#### RECORDED INFORMATION
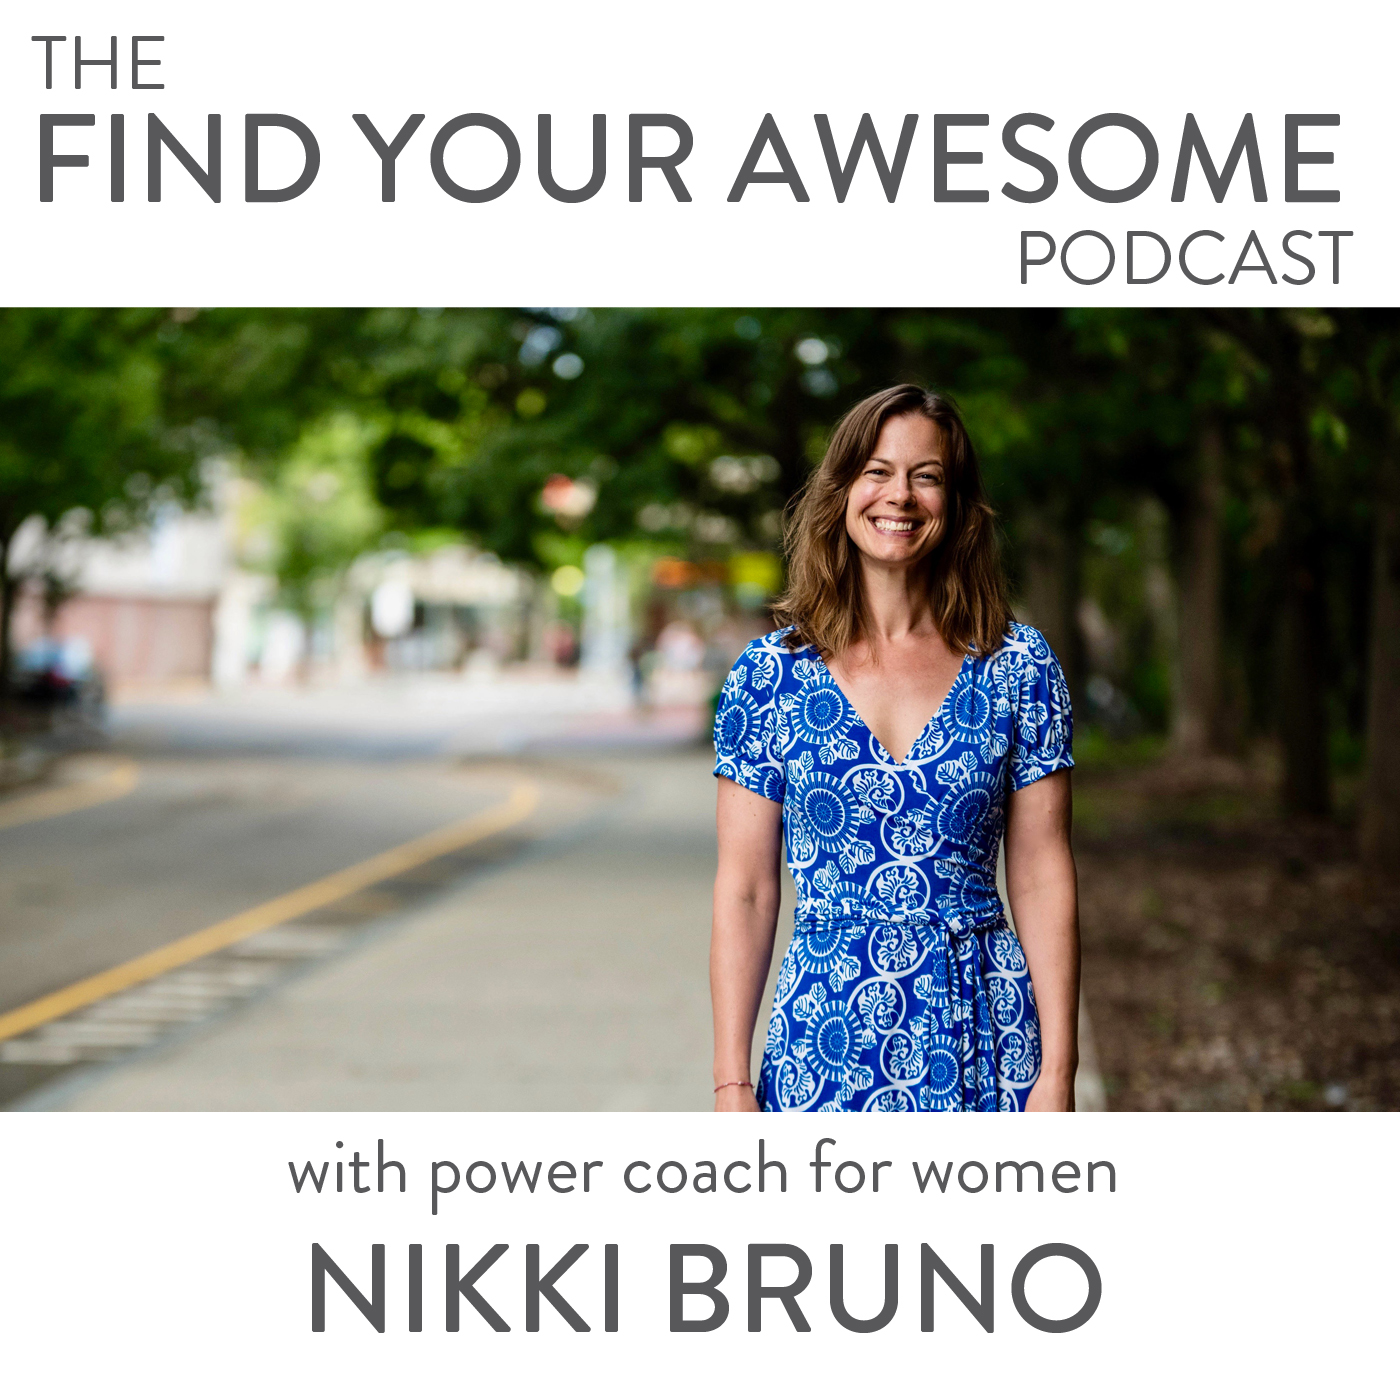 NikkiBruno_podcast_coverart.jpg
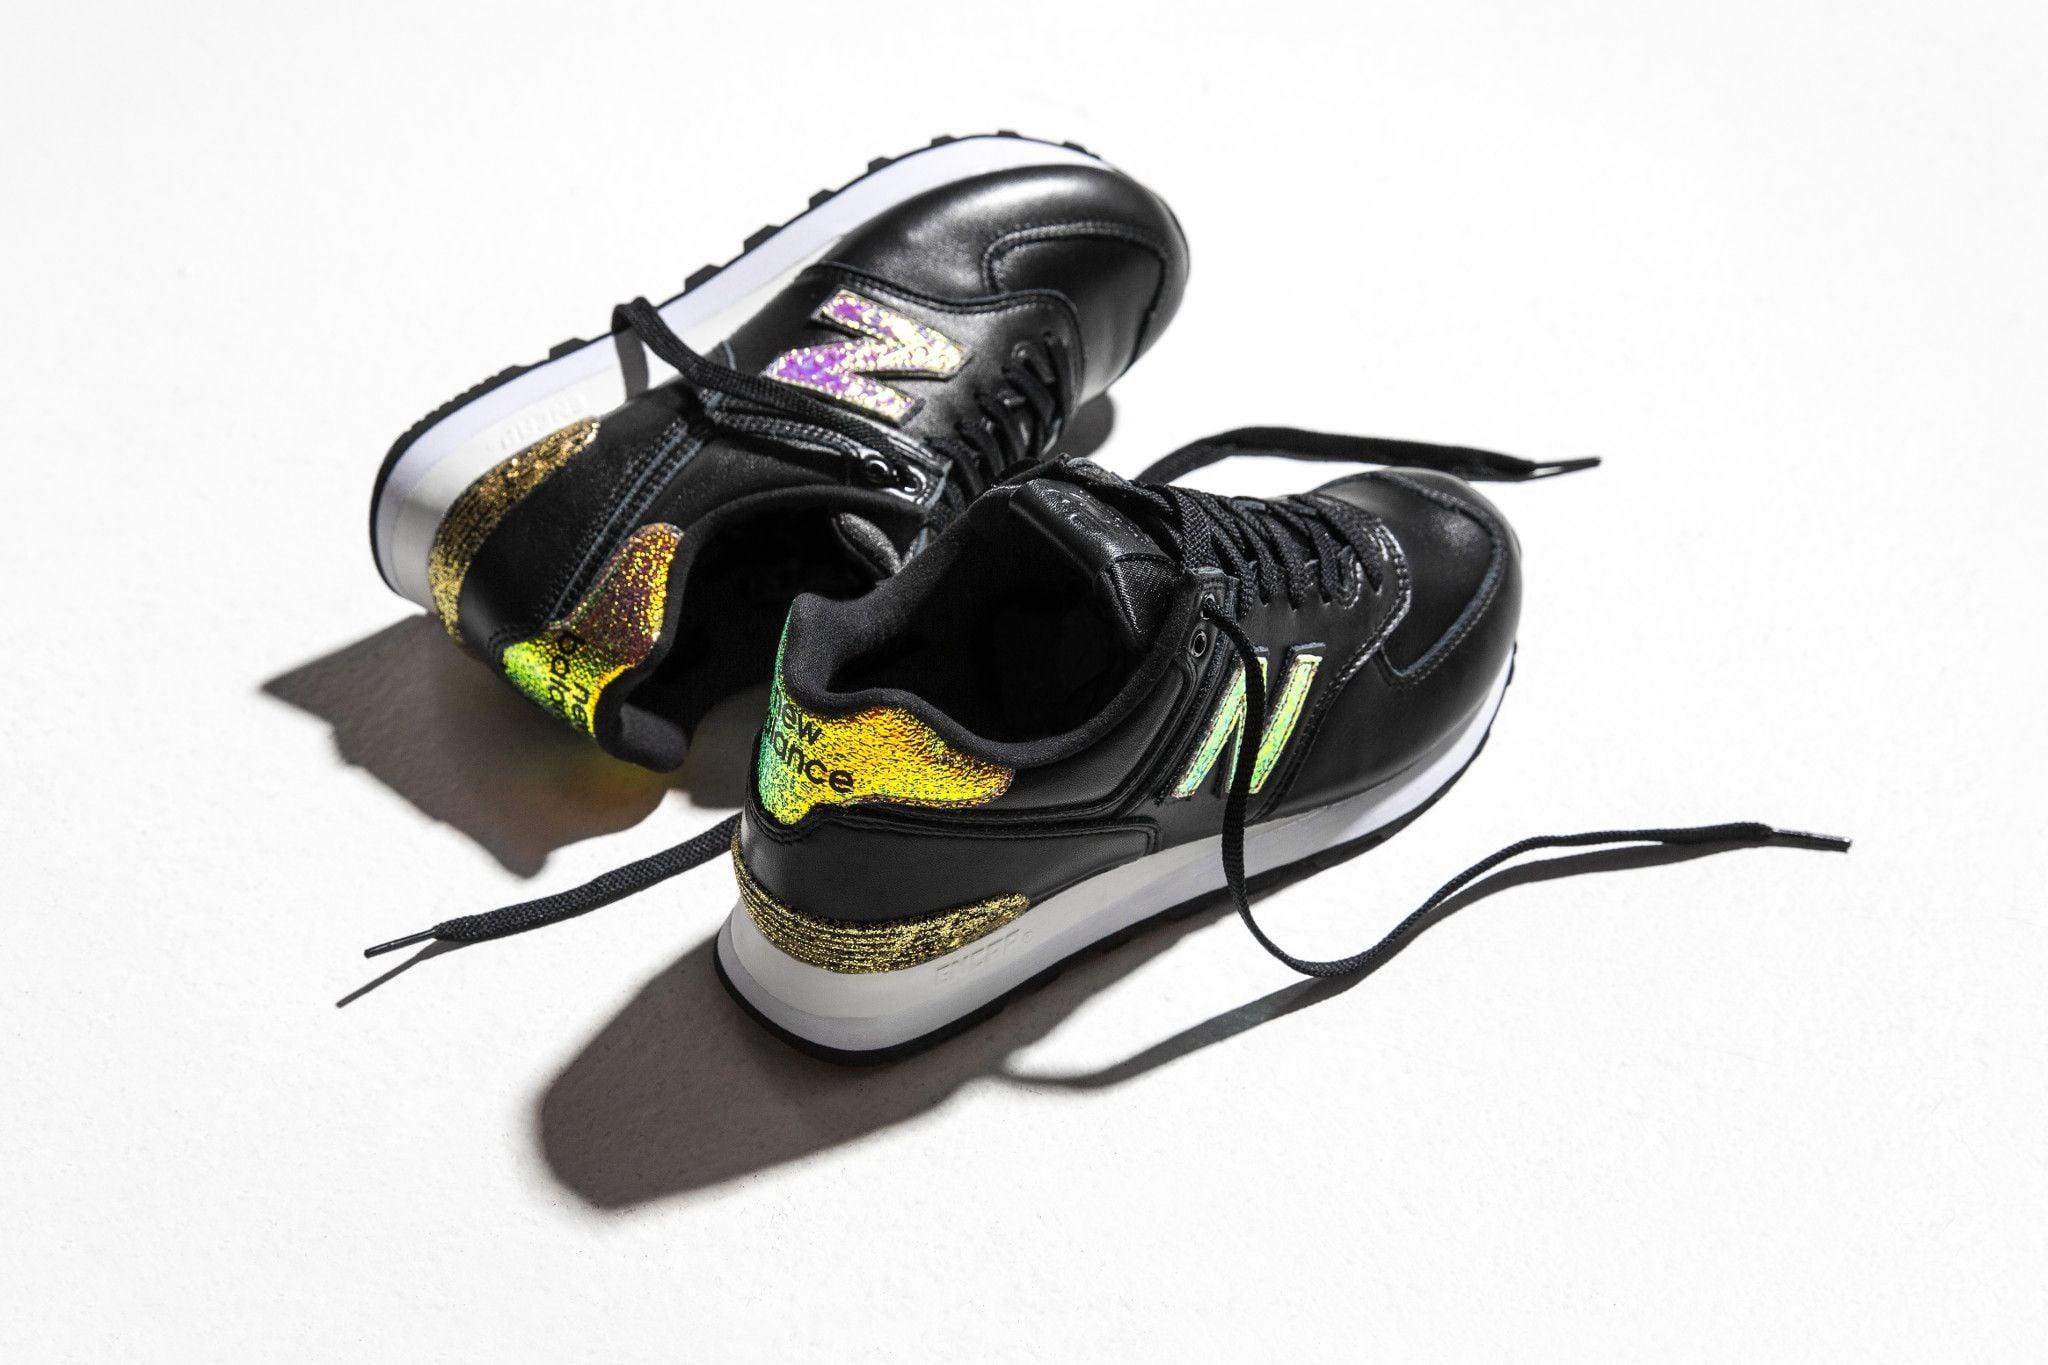 New Balance Metallic Glitter Sneakers   POPSUGAR Fashion
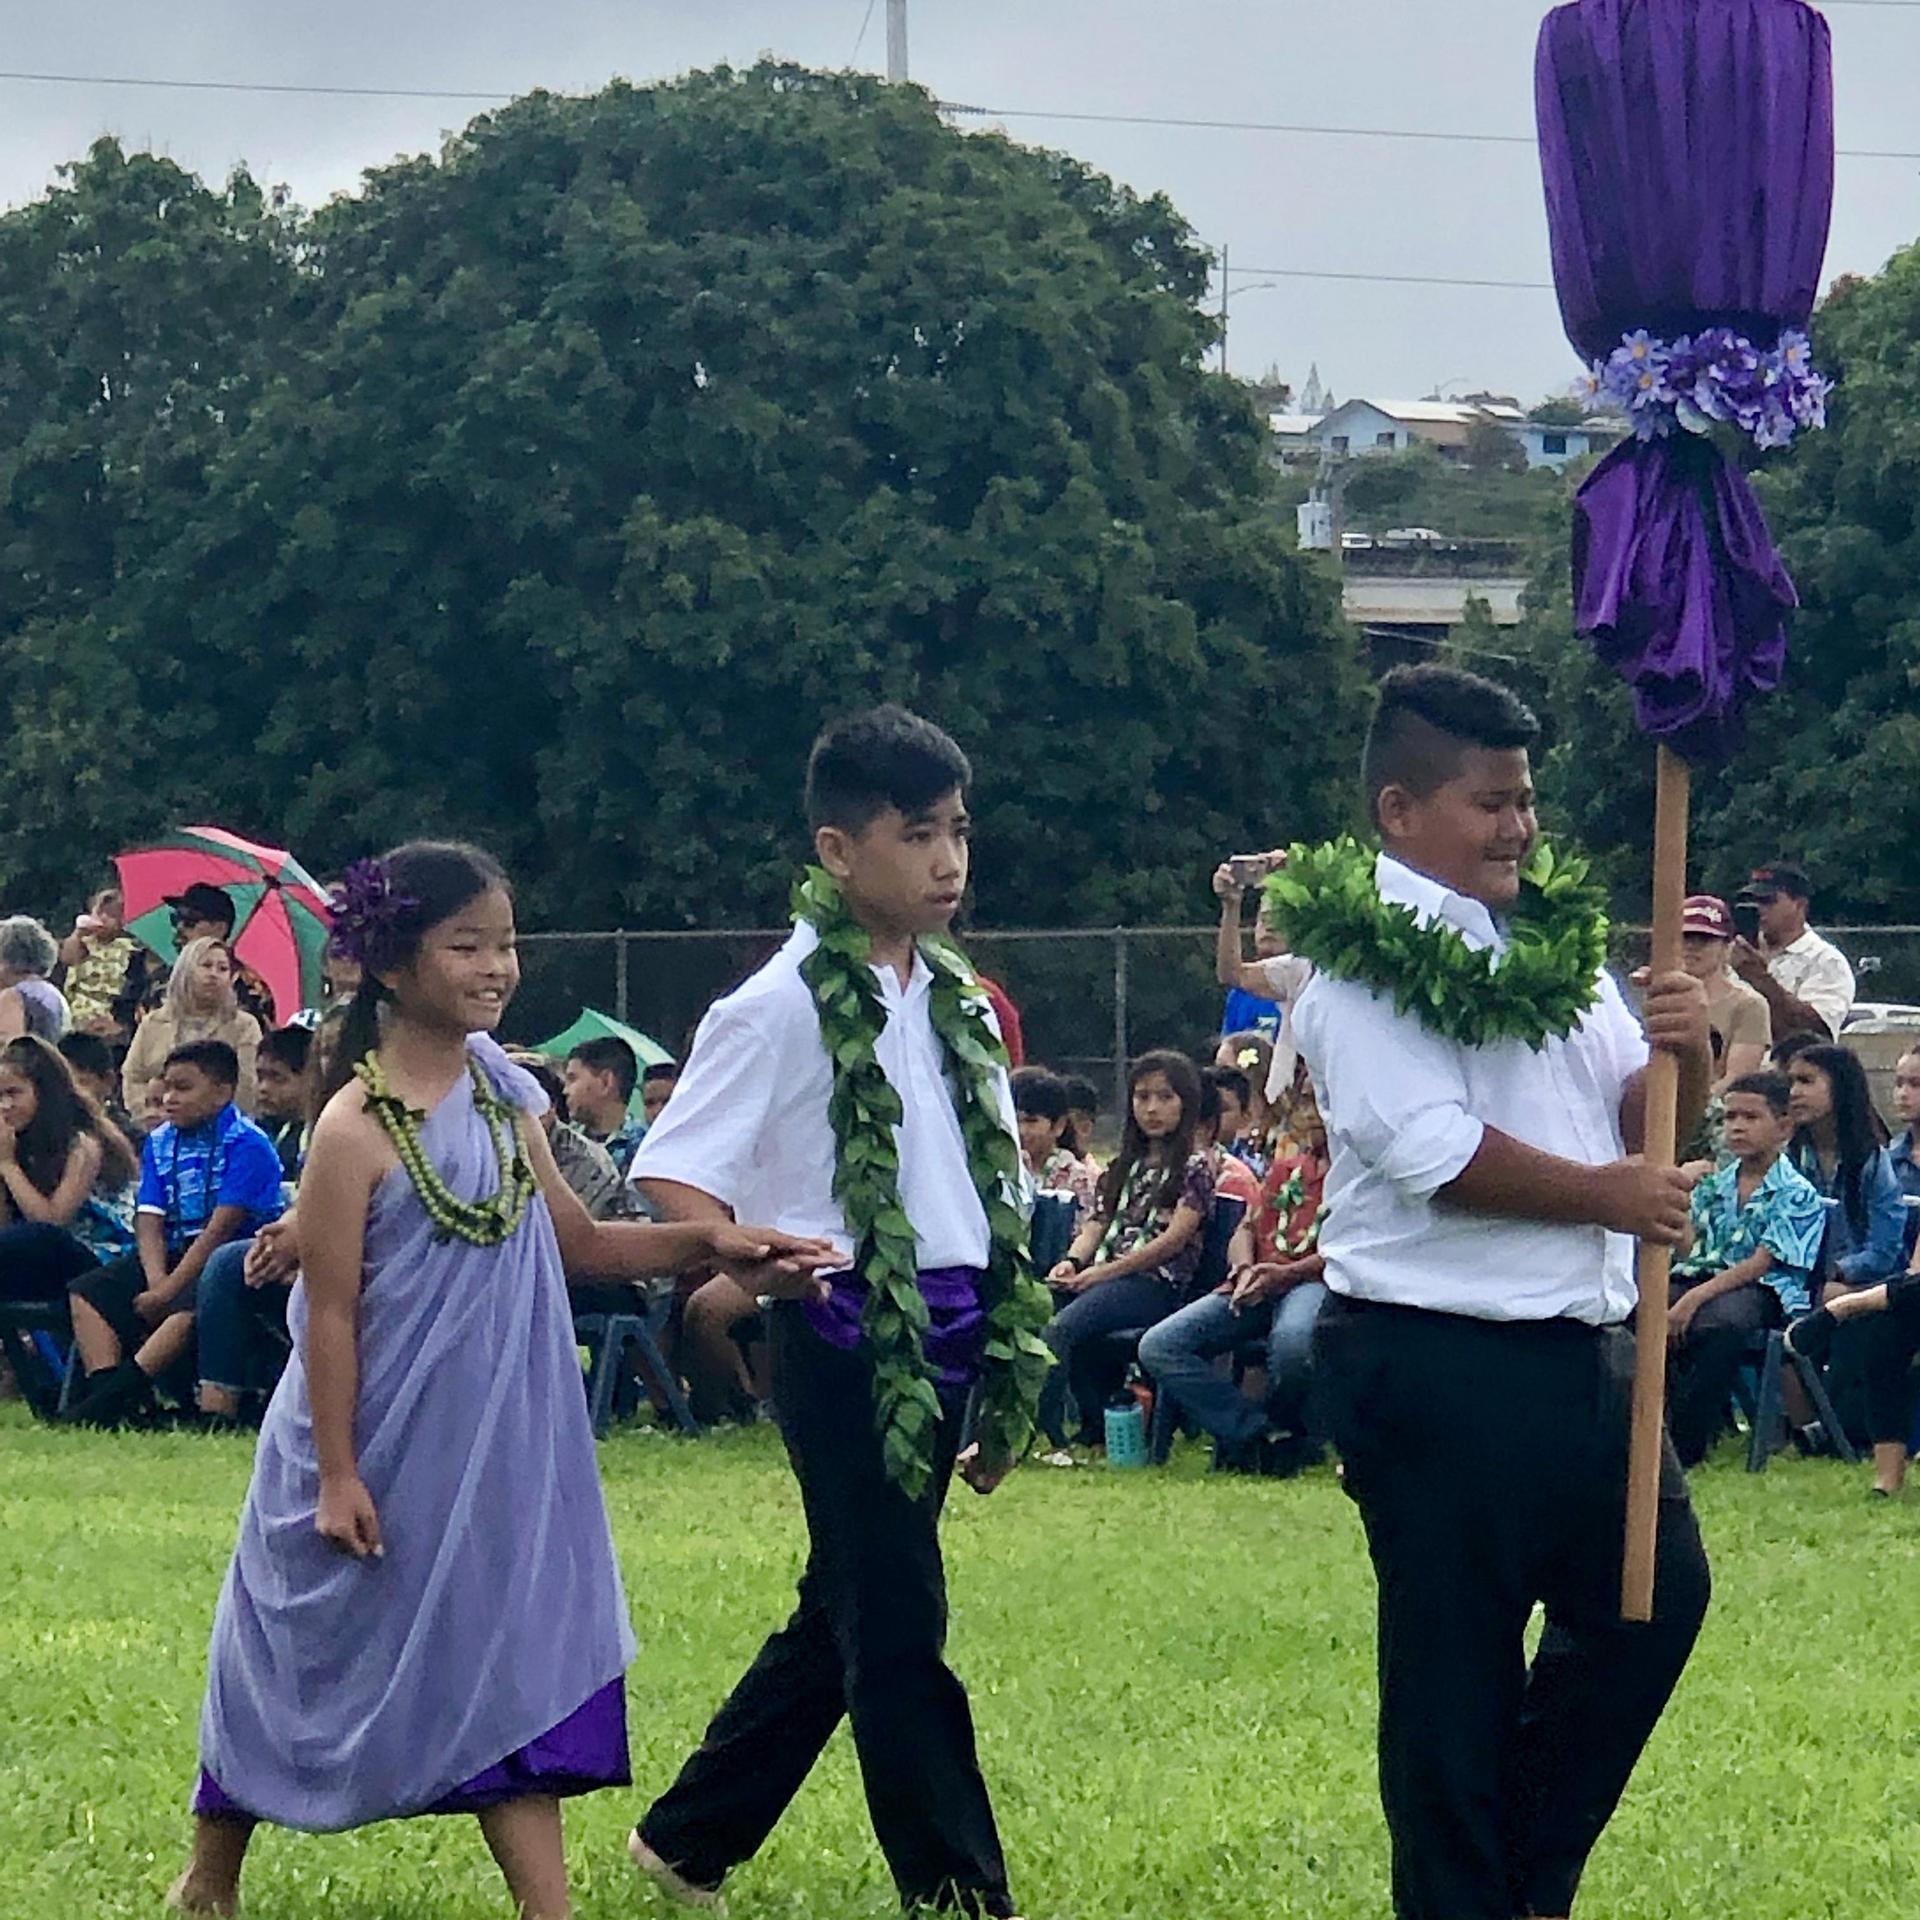 Kauai island princess and escort

#### INSTRUCTIONS FOR THE TASK
Reproduce the listing exactly, but omit every picture in it.

#### SOLUTION TO THIS EXERCISE
 NikkiBruno_podcast_coverart.jpg
 New Balance Metallic Glitter Sneakers   POPSUGAR Fashion
 Kauai island princess and escort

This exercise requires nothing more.